Source data:
------------

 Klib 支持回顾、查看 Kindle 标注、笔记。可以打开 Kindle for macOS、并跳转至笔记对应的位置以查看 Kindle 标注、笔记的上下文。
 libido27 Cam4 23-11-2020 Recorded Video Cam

------------

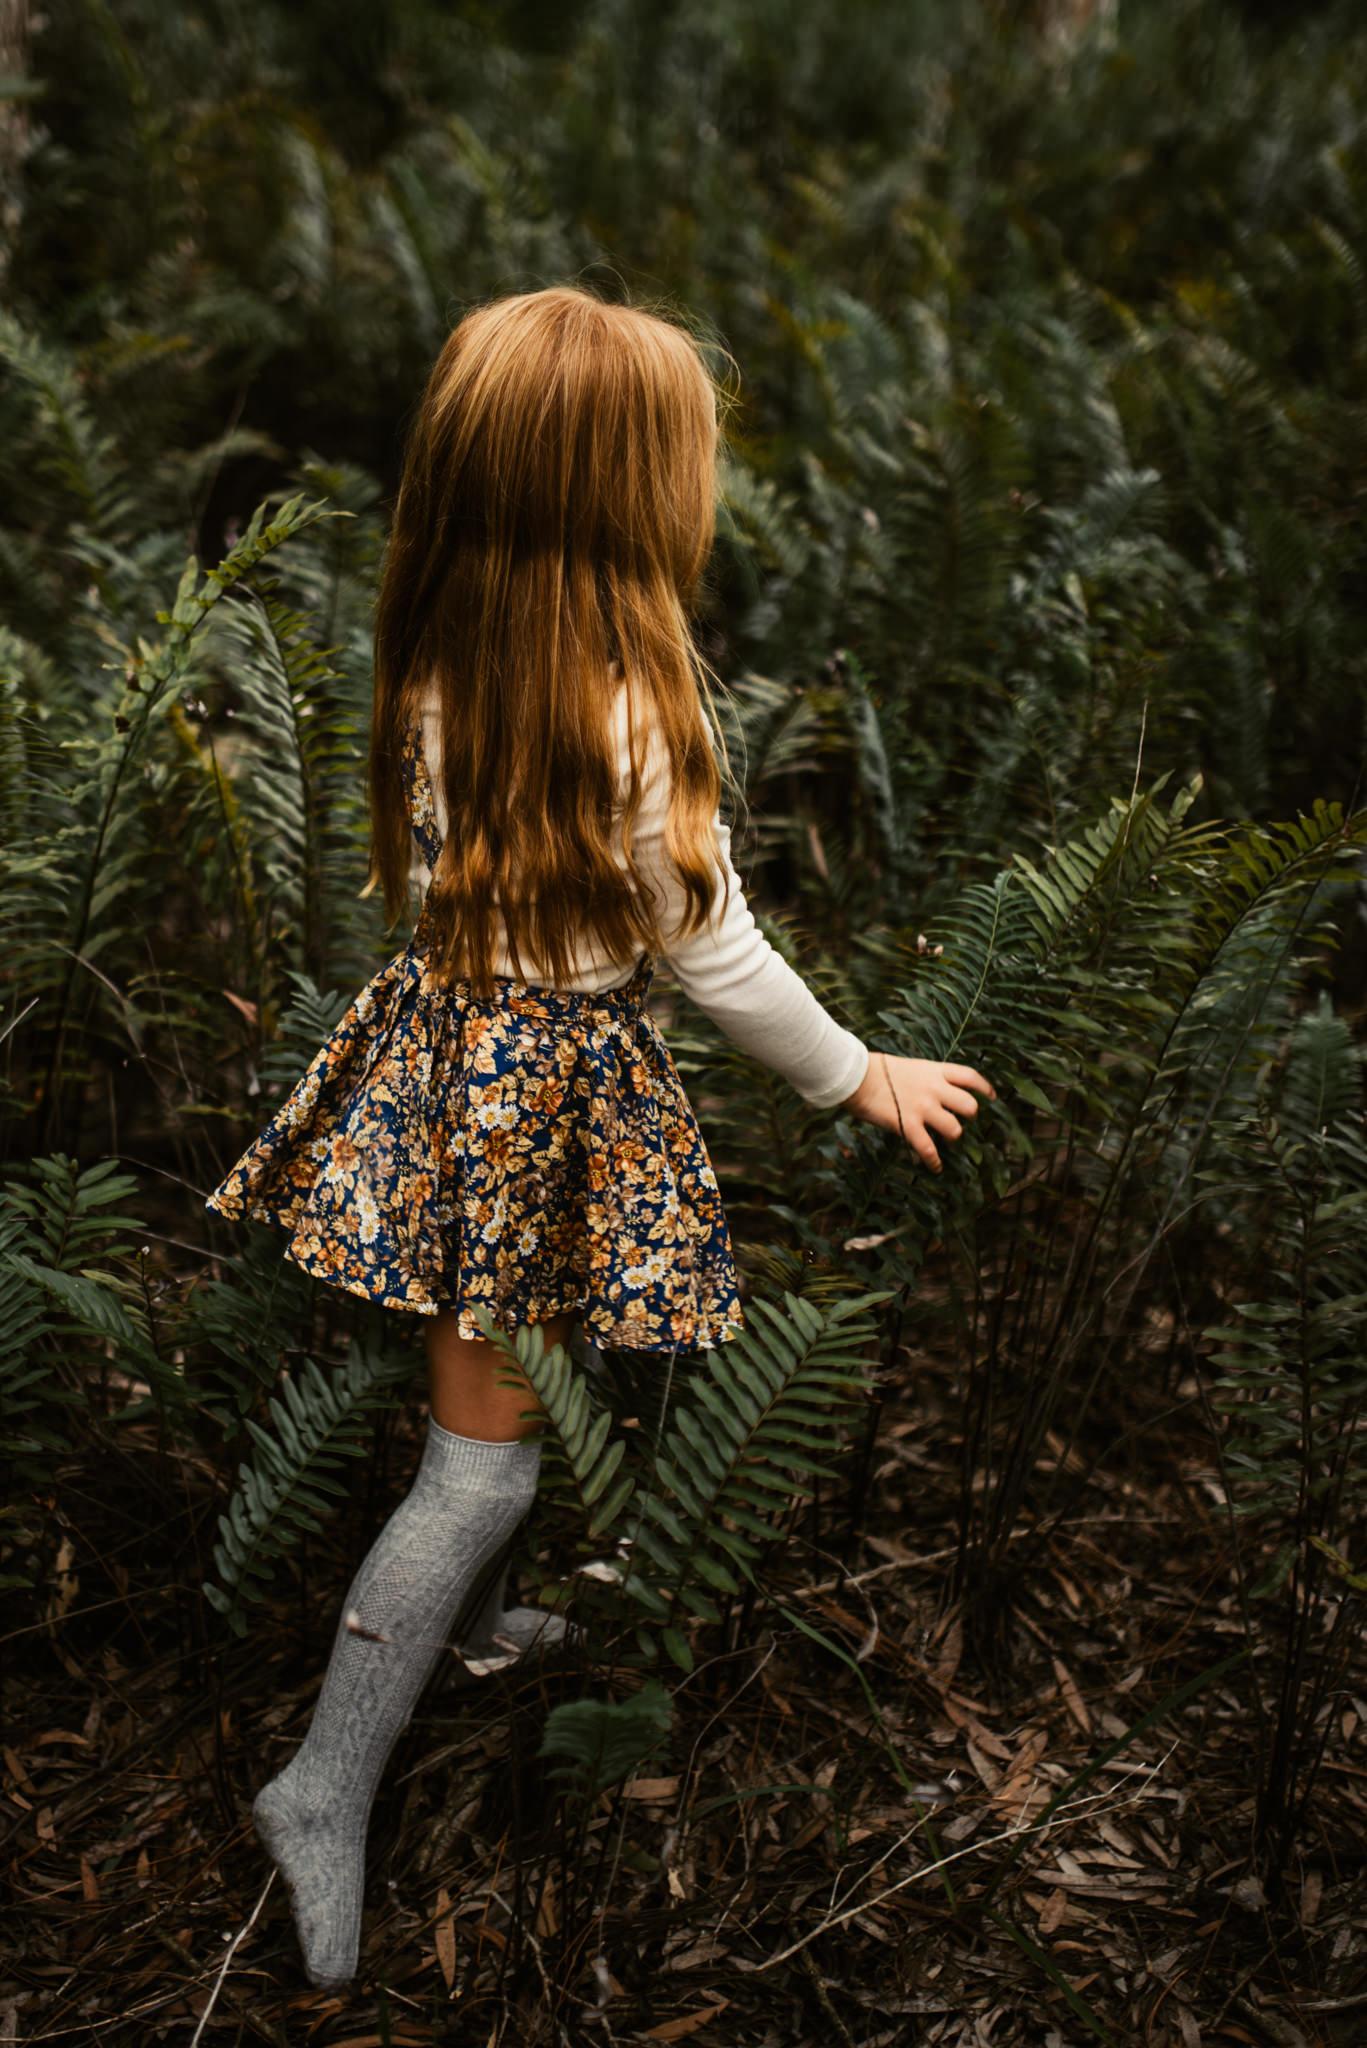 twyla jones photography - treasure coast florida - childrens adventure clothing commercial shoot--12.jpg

------------

Exercise directions: The exact lines of the material above starting at the one that contains "Klib 支持回顾、查看 Kindle" and ending at the one that contains "libido27 Cam4 23-11-2020 Recorded Video Cam" are what to retype; leave out everything else.

Finished task:
 Klib 支持回顾、查看 Kindle 标注、笔记。可以打开 Kindle for macOS、并跳转至笔记对应的位置以查看 Kindle 标注、笔记的上下文。
 libido27 Cam4 23-11-2020 Recorded Video Cam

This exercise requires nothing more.